» DATA SEGMENT

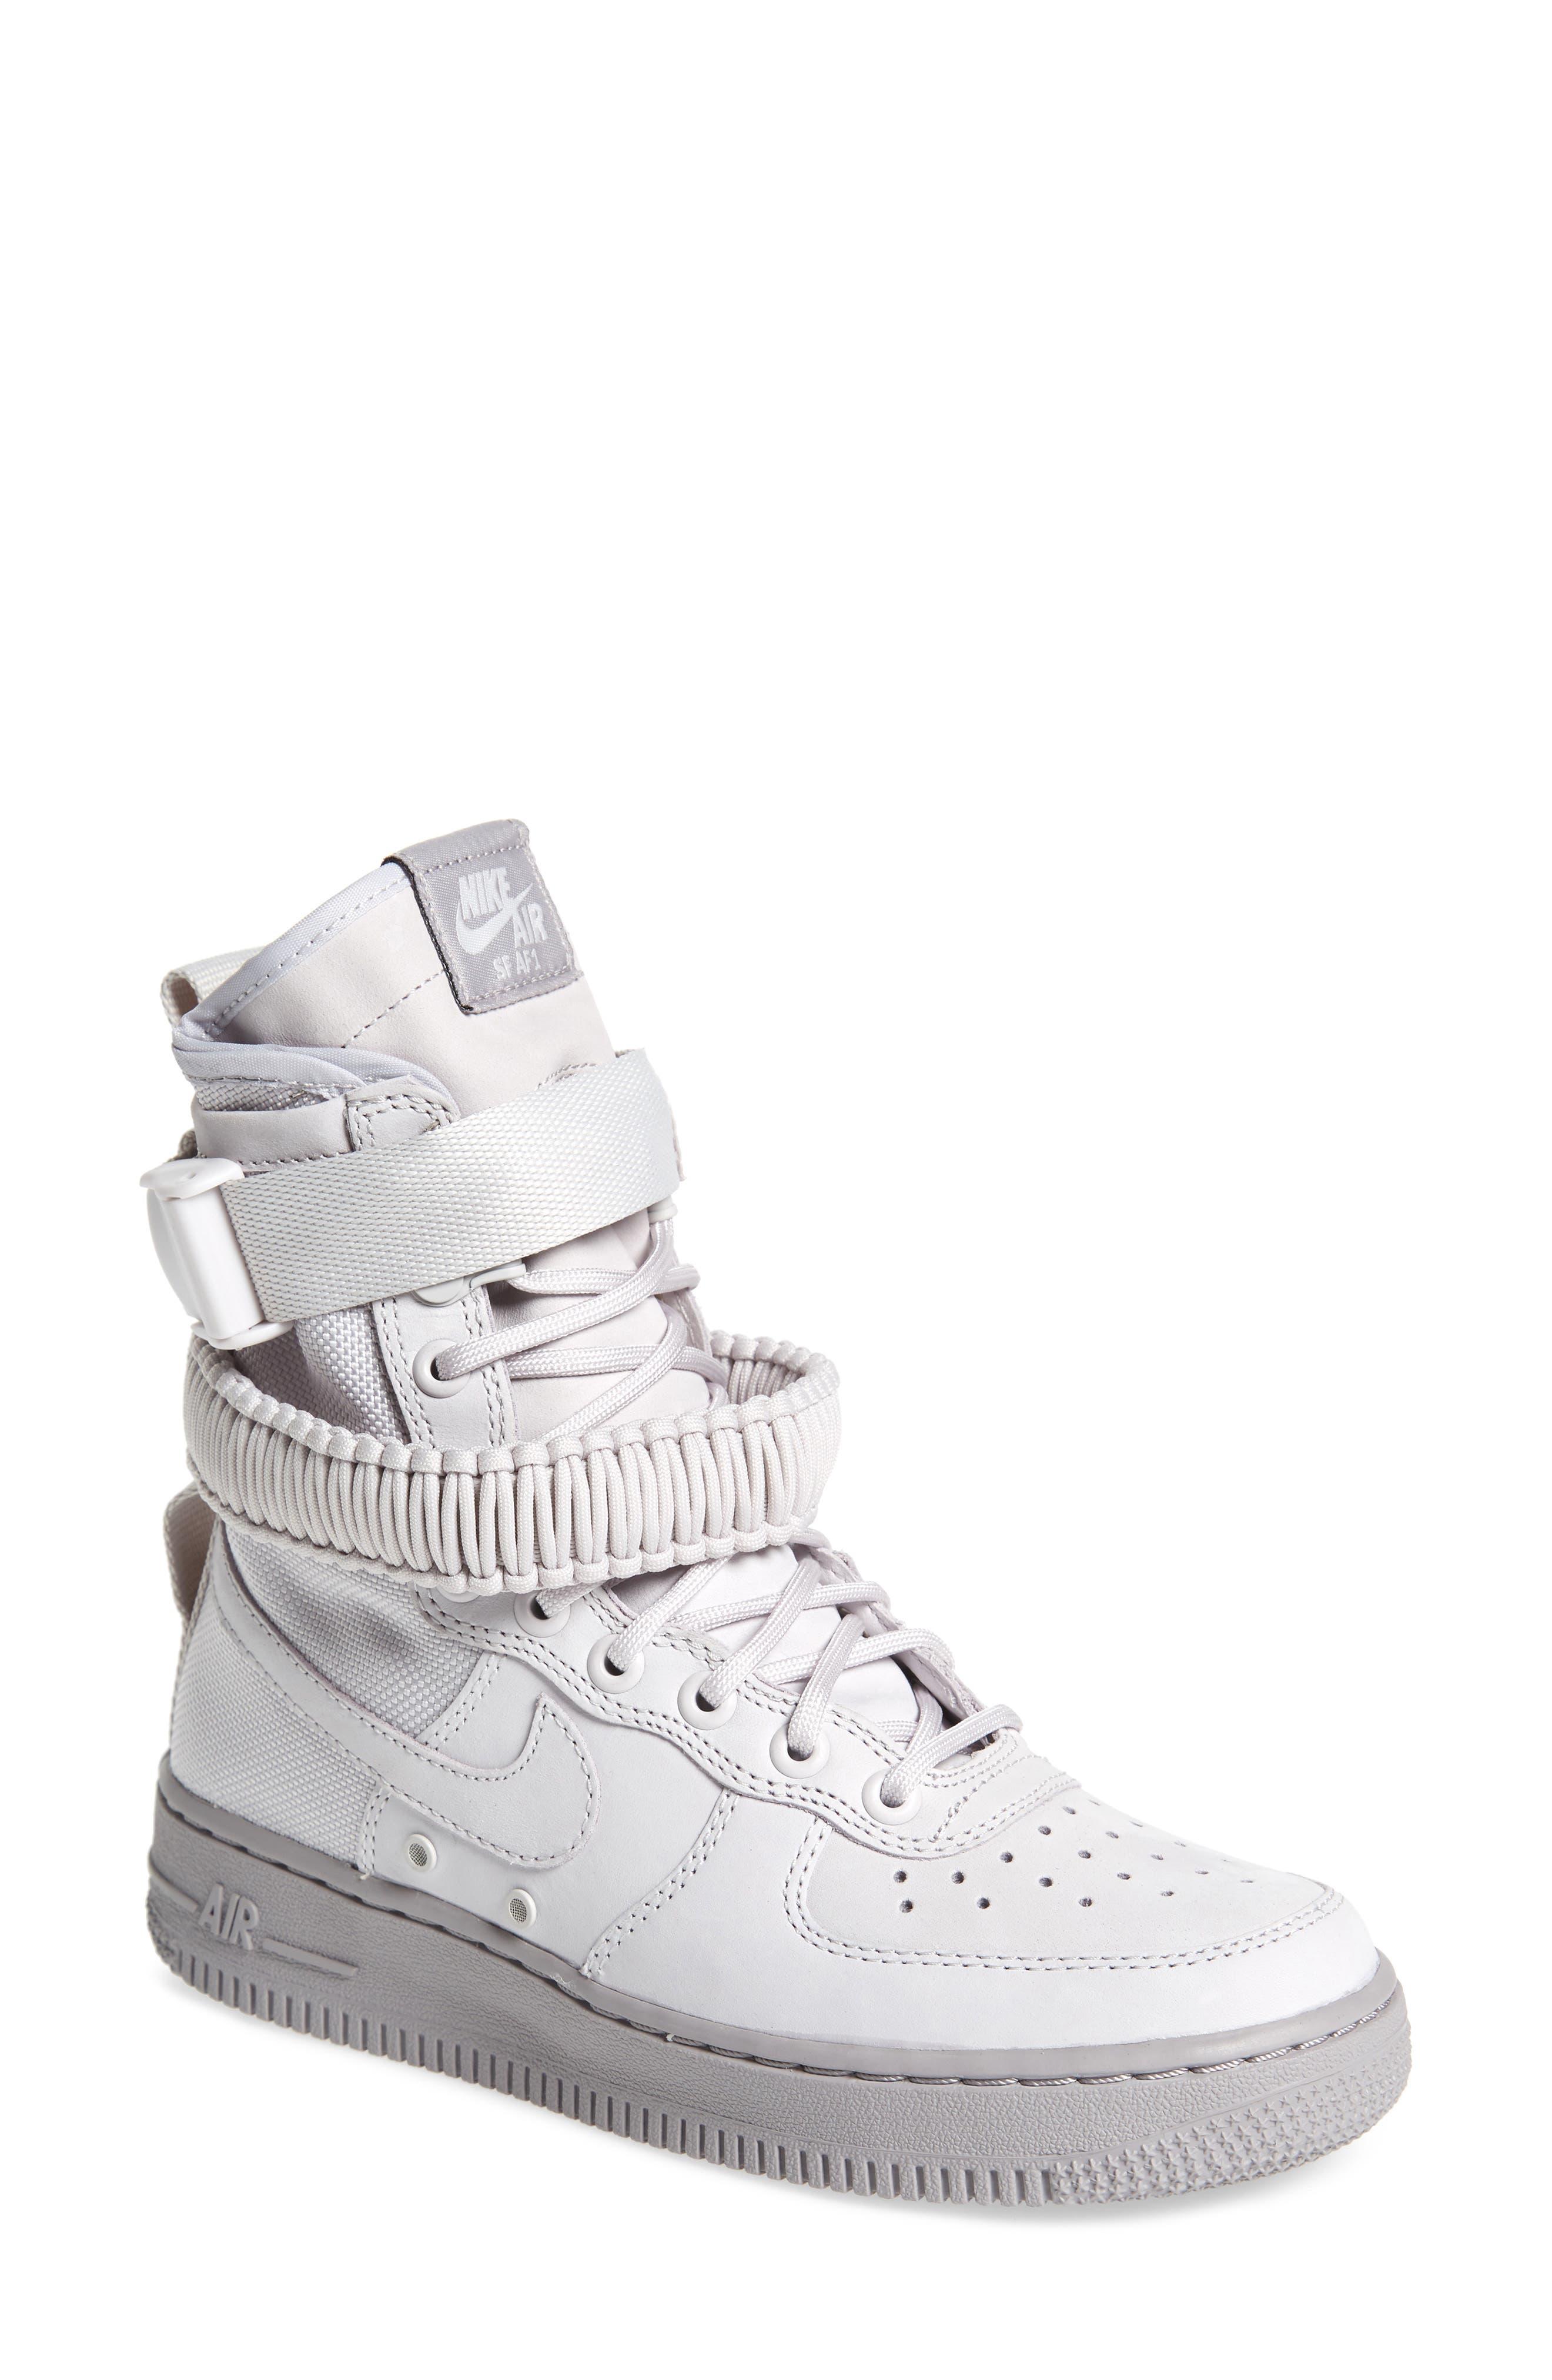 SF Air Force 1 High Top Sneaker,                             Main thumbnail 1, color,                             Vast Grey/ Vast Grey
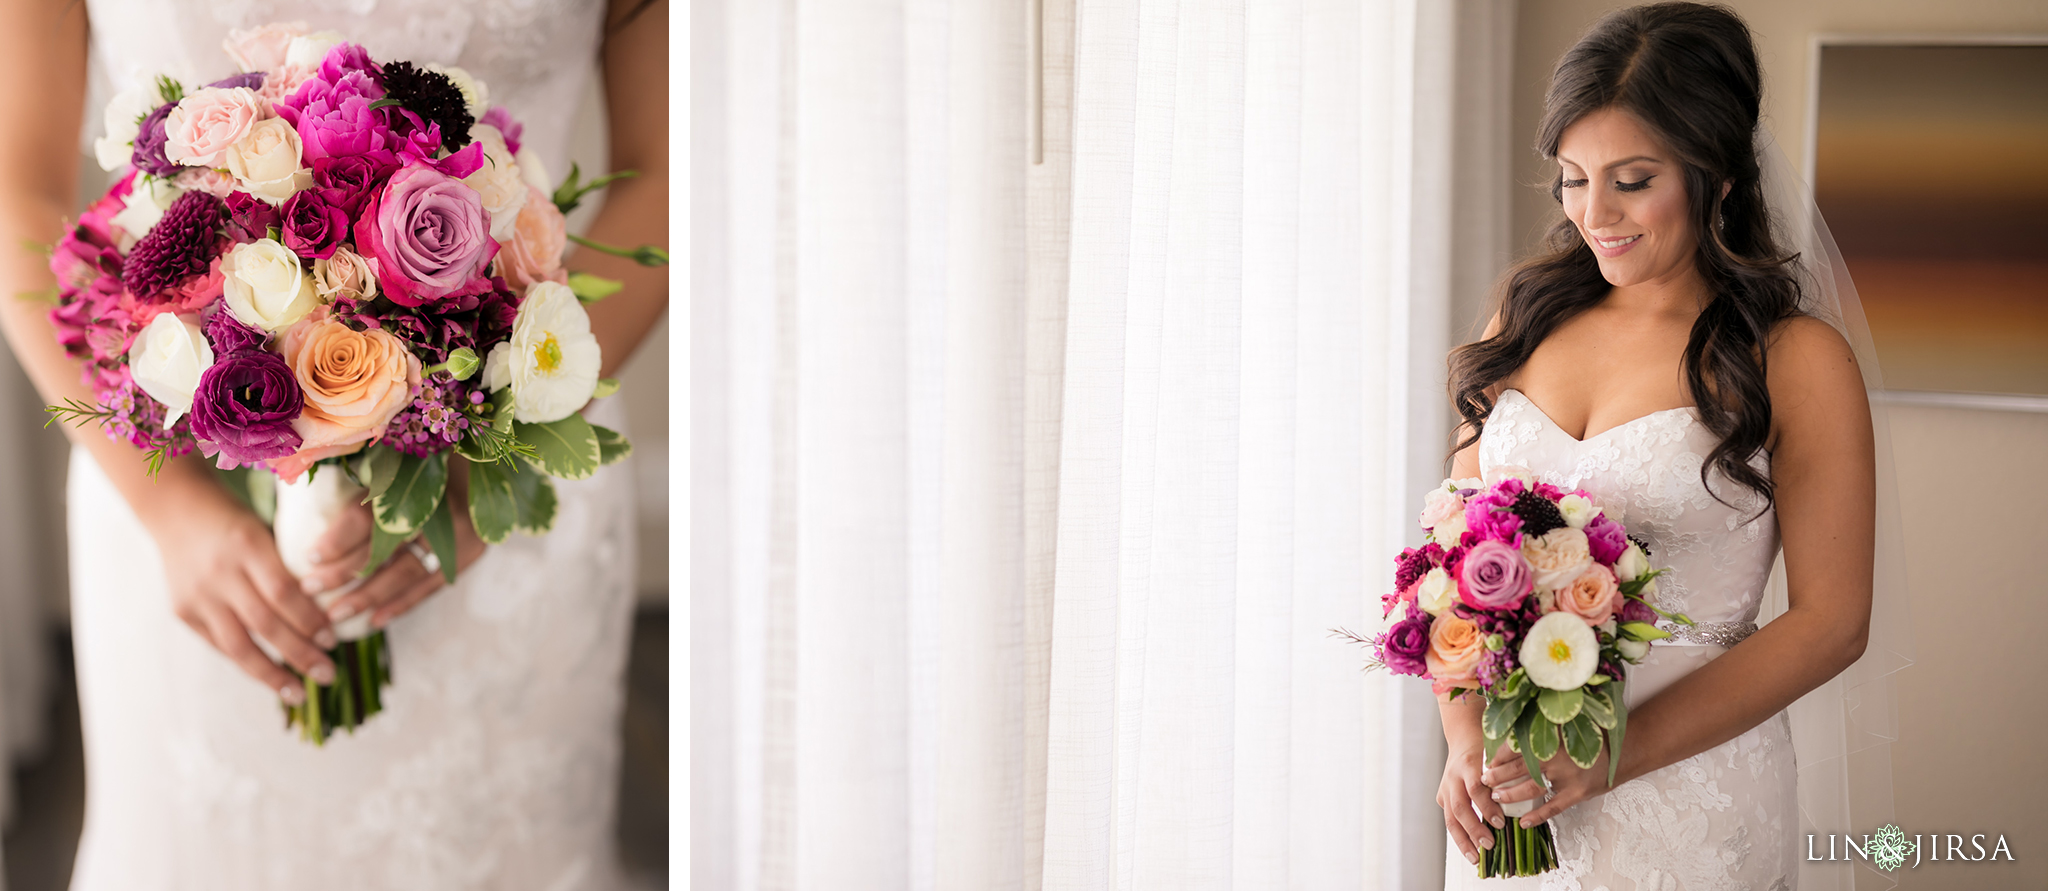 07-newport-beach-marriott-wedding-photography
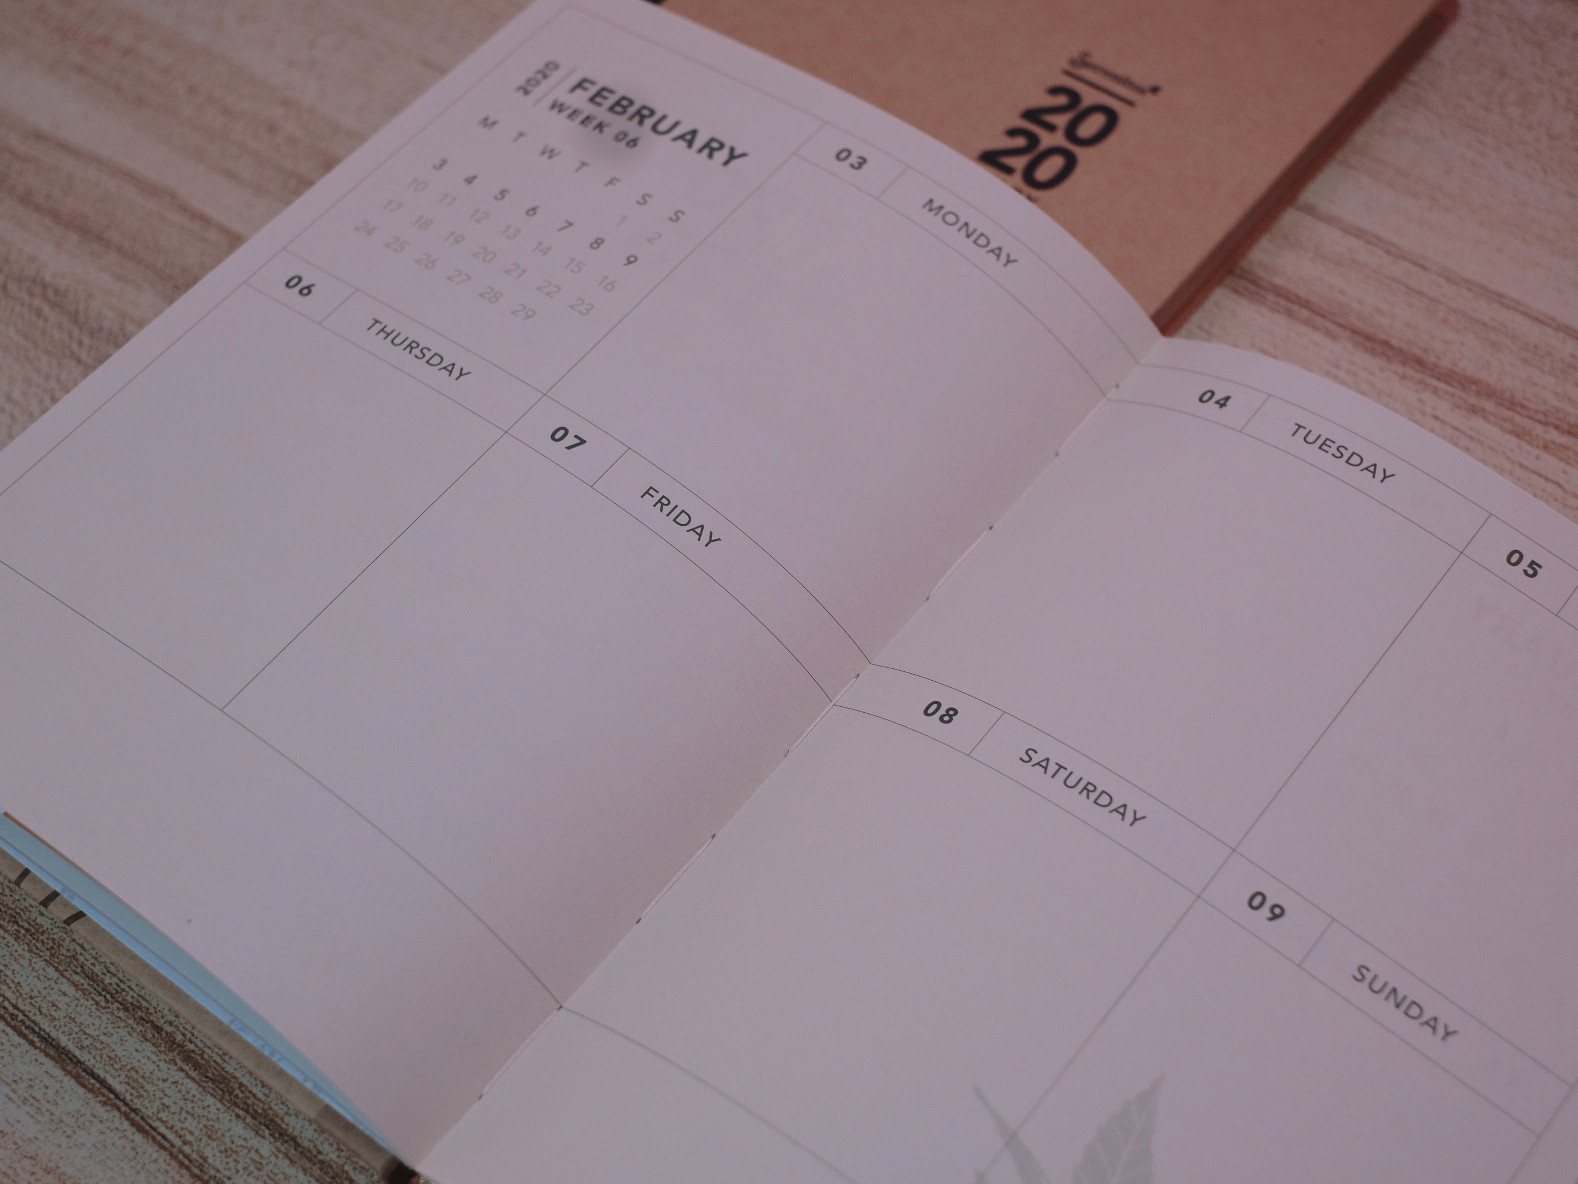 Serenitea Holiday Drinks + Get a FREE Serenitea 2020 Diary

» DIRECTIONS
No pictures belong in the copy. Return exactly the lines from the line containing "07-newport-beach-marriott-wedding-photography" through the last line of the listing.

» SOLUTION BELOW
 07-newport-beach-marriott-wedding-photography
 Serenitea Holiday Drinks + Get a FREE Serenitea 2020 Diary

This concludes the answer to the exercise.